Clinical Research Coordinator

University of California, Irvine•Orange, CA

9d•Onsite

About The Position

Under the direction of the Principal Investigator and Program Manager, the Clinical Research Coordinator supports the efforts of several research projects, including regional projects and clinical trials with the opportunity to interface with local and national level leaders in medicine and public health. Key responsibilities include project management duties, including organizing implementation plans and managing timelines and workflow to keep the project moving smoothly. This includes meeting coordination, direct study site outreach, creating training and educational documents, developing and completing data collection tools, protocol management, recruitment and/or developing protocol scripts, surveys, and preparatory documents. Meeting coordination includes organizing multiple team member schedules, developing agendas, and content for steering committee meetings. Site outreach activities include drafting and preparing emails to participating facilities, responding to site questions by email and/or by phone, preparing presentations and other educational materials for investigators. Additional responsibilities include data entry and creation of figures and graphs, and providing IRB support for drafts, submissions, modifications and progress reports. Duties will include interfacing with collaborators at participating sites. Support of project activities may include travel to ensure accurate conduct and progress during various stages of the project. This position will also include field support as needed.

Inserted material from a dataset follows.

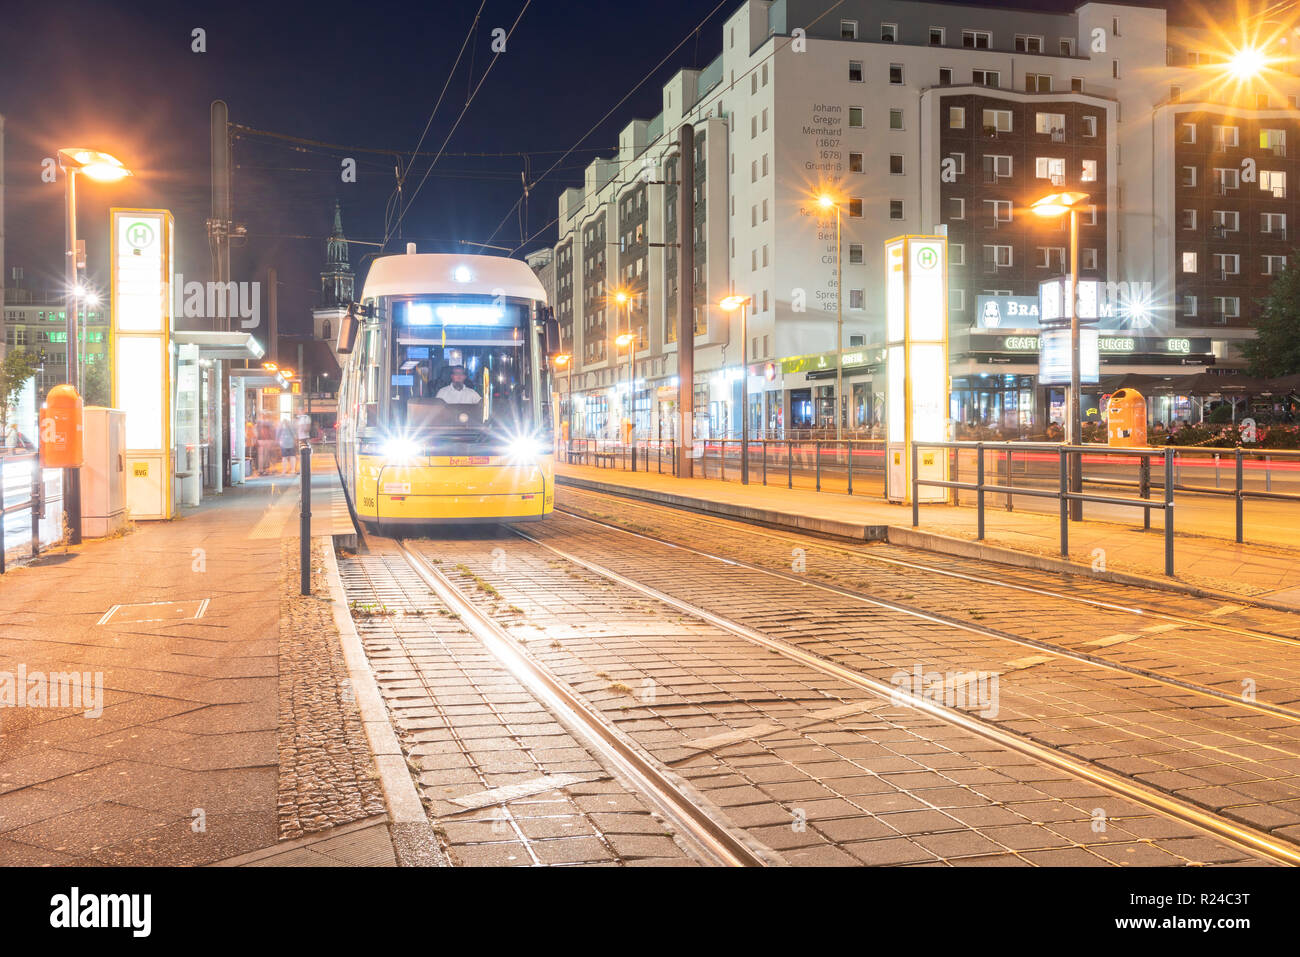 A tram station at Alexander Platz in Berlin Mitte by night, Berlin, Germany, Europe Stock Photo

This may include specimen collection and chart reviews/redaction.

Requirements

Clear and professional communication skills; verbal and written
Ability to operate a networked PC in a Windows environment with proficiency in MS Word and Excel, with data entry skills.
Experience in MS PowerPoint
Experience in MS Access
Conducts research protocols with critical attention to detail.
Evidence of multi-tasking abilities.
Ability to analyze a problem from inception to completion and provide suggested solutions.
Effective and professional interpersonal skills
Highly attentive to proper handling of confidential information and documents
Ability to maintain accurate database files
Ability to function well in a team environment
Experience with patient recruitment
Experience working with Redcap
HS graduation and sufficient experience and demonstrated skills to successfully perform the assigned duties and responsibilities.
Valid California Driver’s License and have daily access to car for all work hours
Prior research experience with demonstrated independent responsibilities and activities
Must be able to provide proof of work authorization

Responsibilities

Project management duties, including organizing implementation plans and managing timelines and workflow.
Meeting coordination, including organizing multiple team member schedules, developing agendas, and content for steering committee meetings.
Direct study site outreach, including drafting and preparing emails to participating facilities, responding to site questions by email and/or by phone.
Creating training and educational documents, developing and completing data collection tools, protocol management, recruitment and/or developing protocol scripts, surveys, and preparatory documents.
Preparing presentations and other educational materials for investigators.
Data entry and creation of figures and graphs.
Providing IRB support for drafts, submissions, modifications and progress reports.
Interfacing with collaborators at participating sites.
Travel to ensure accurate conduct and progress during various stages of the project.
Field support as needed, including specimen collection and chart reviews/redaction.